The Fiendish Plot of Dr. Fu Manchu is a 1980 comedy film. It was the final film featuring star Peter Sellers and David Tomlinson. Based on characters created by Sax Rohmer, the film stars Sellers in the dual role of Fu Manchu, a megalomaniacal Chinese evil genius, and English country gentleman detective Nayland Smith.

Pre-production began with Richard Quine as director. By the time production commenced, Piers Haggard had replaced him. Sellers handled the re-shoots himself. Released two weeks after Sellers' death, the film was a commercial and critical failure. It was also the final screen appearance for Tomlinson, who retired from acting shortly before its release.

Plot
The film's opening titles announce it is set "possibly around 1933." The story concerns the 168-year-old Fu Manchu, who must duplicate the ingredients to the elixir vitae that extends his life after the original is accidentally destroyed by one of his minions.

When the Star of Leningrad diamond is stolen by a clockwork spider from a Soviet exhibition in Washington D.C., the FBI sends a pair of special agents (agents Pete Williams and Joe Capone) to London, in order to seek the assistance of Scotland Yard as a card from Fu Manchu's organisation, the Si-Fan, has been left at the crime. Sir Roger Avery of the Yard feels this is a job for Fu's nemesis, Sir Denis Nayland Smith, now retired.

Nayland Smith correctly surmises that Fu Manchu will steal the missing diamond's identical twin, held among the Crown Jewels of the United Kingdom in the Tower of London. Smith also predicts that Fu will be thwarted by the tight security (several aged Beefeaters) at the Tower, then will kidnap Queen Mary to gain the jewel. He recruits Alice Rage, a female police constable, to impersonate the Queen and fool Fu's gang. Rage is soon captured by Fu, but the plan backfires somewhat when she falls in love with her captor. She switches sides and willingly helps Fu.

The Crown Jewels are guarded by Sir Nules Thudd, an obese Chinese-cuisine-loving glutton. Thudd has obesity-related health problems, and has been ordered by the doctor to walk around for  a day on stilts. He is promised access to Fu's outdoor restaurant of Chinese food, and in return, he helps the Si-Fan steal the diamond. Fu steals the rest of the Crown Jewels as well.

Nayland Smith then uses his flying country house, The Spirit of Wiltshire, to transport himself and his fellow officers all the way to Fu Manchu's mountain base in the Himalayas. Meanwhile, Fu has recreated the elixir vitae, only to find that it has no effect on him – one of the ingredients used was faulty.

Nayland Smith's country house is soon besieged by an army of Si-Fan. Nayland Smith demands an audience with Fu, and is transported to his old enemy, who is in poor health by this point. Nayland Smith reveals that he has hidden the real diamond. Fu offers to return the Crown Jewels in exchange for the diamond. Once Nayland Smith hands over the diamond, Fu has a new elixir vitae prepared for him. Fu becomes young and vibrant again.

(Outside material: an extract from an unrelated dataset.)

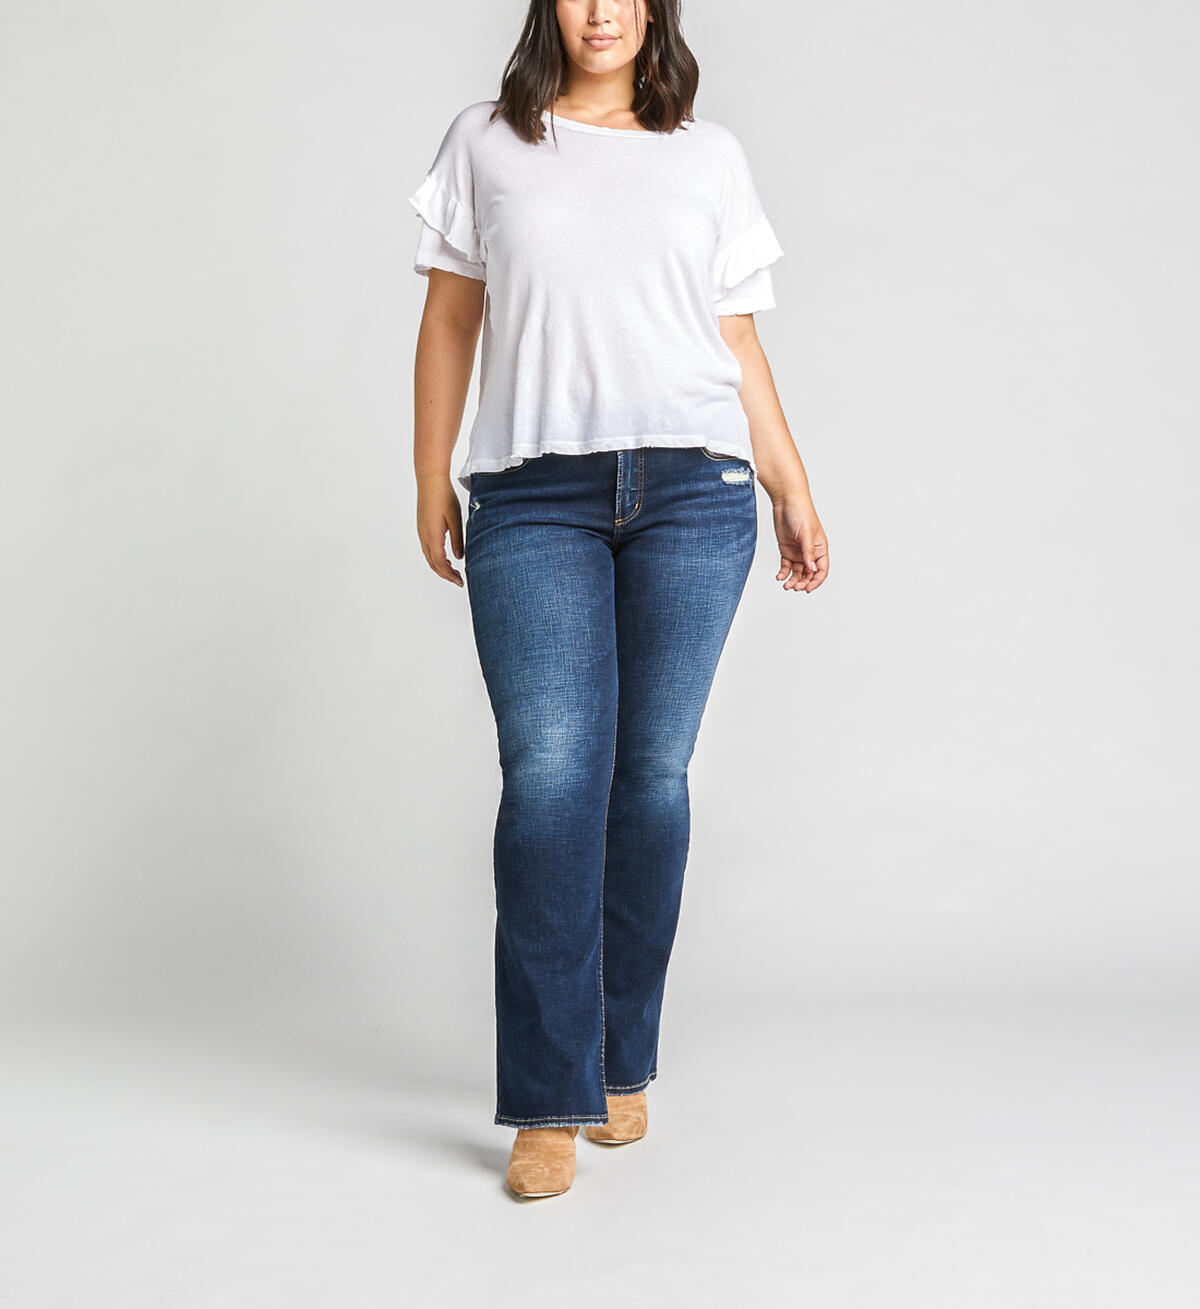 Elyse Mid Rise Slim Bootcut Jeans Plus Size, Indigo, hi-res image number 3
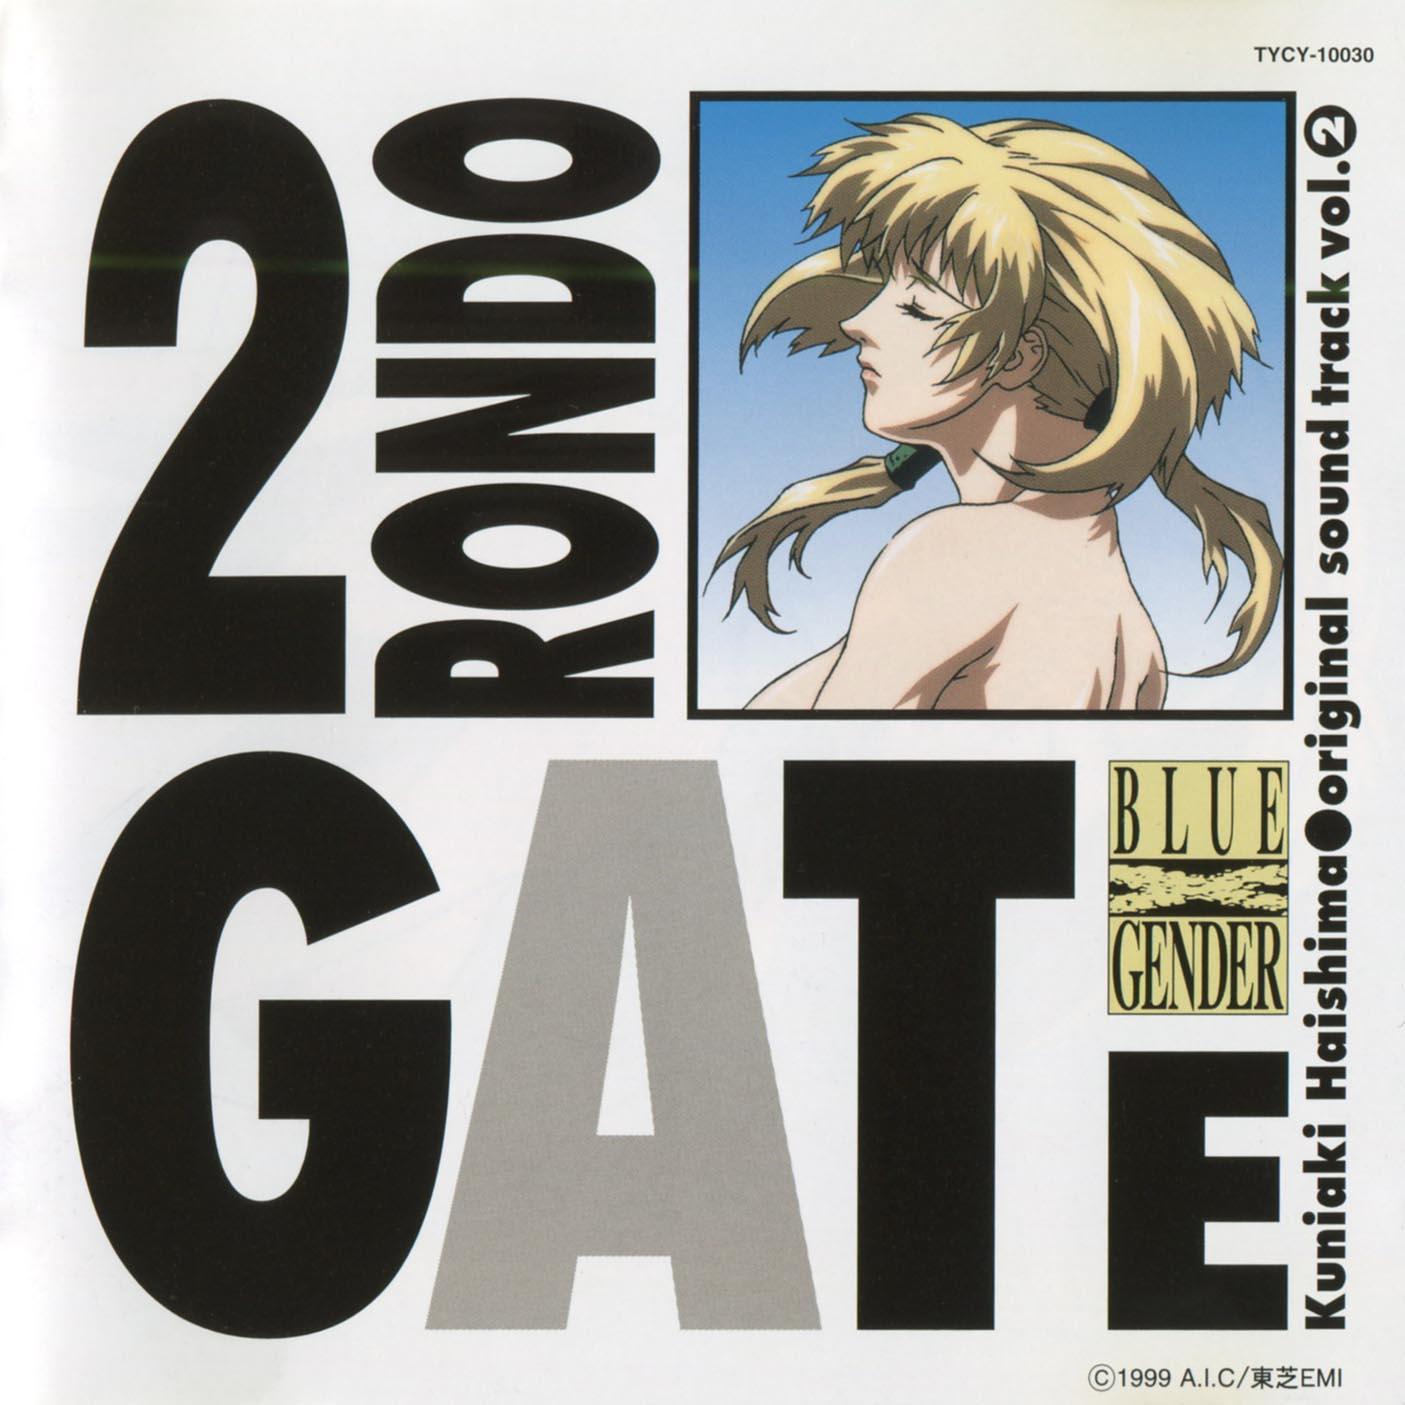 Blue Gender Original Soundtrack Vol.2: Rondo Gate

Fu willingly hands over the Crown Jewels to Nayland Smith's allies. He also has a diamond identical to the Star of Leningrad handed over to Capone, arguing that the Russians will not see any difference. In a private meeting, Fu expresses his appreciation of Nayland Smith, who has been the only worthy adversary of his life. He offers Nayland Smith part of the elixir vitae, but asks him not to drink it until he returns to London. Fu warns Nayland Smith that his latest fiendish plot will wipe out his enemies.

Nayland Smith rejoins his fellow officers in time to see a rejuvenated Fu Manchu sporting an Elvis Presley-type jumpsuit. Fu rises from the floor, and his cohorts now form a rock band. They sing the song "Rock-a-Fu", as the story ends.

Cast

Sellers also appears in an uncredited cameo as a Mexican bandito.

Background
Sellers had previously recorded a 1955 Goon Show entitled "The Terrible Revenge of Fred Fu-Manchu" set in 1895. In the film, his Fu insists friends call him "Fred" and that he had once been the groundsman at Eton.

In addition to Sellers, the film features Sid Caesar as FBI agent Joe Capone, David Tomlinson as Scotland Yard Commissioner Sir Roger Avery, Simon Williams as his bumbling nephew and Helen Mirren as Police Constable Alice Rage (Mirren sings the Music Hall standard, "Daddy Wouldn't Buy Me a Bow Wow").

Burt Kwouk, Sellers' co-star in The Pink Panther films with the character of Cato, makes a brief cameo appearance as a Fu Manchu minion who accidentally destroys the elixir vitae, prompting the joke that Fu thinks he looks familiar. John Le Mesurier, who appeared opposite Sellers in the original Pink Panther and [[The Magic Christian (film)|The Magic Christian]], has a small part in the film as Smith's butler, and Steve Franken, who played the tipsy waiter opposite Sellers in The Party, returns as an FBI agent.

Unlike other Fu Manchu works, Fu's daughter Fah Lo Suee, and Nayland Smith's friend Dr. Petrie do not appear in the film.

Production
In 1976, Robert Kaufman was writing the script for Fu Manchu to star Peter Sellers and Michael Caine.

Production was troublesome before filming started, with two directors—Richard Quine and John Avildsen—both fired before the script had been completed. Sellers also expressed dissatisfaction with his own portrayal of Manchu with his ill-health often causing delays. Arguments between Sellers and director Piers Haggard led to Haggard's firing at Sellers's instigation and Sellers taking over, with his long-time friend David Lodge directing some sequences.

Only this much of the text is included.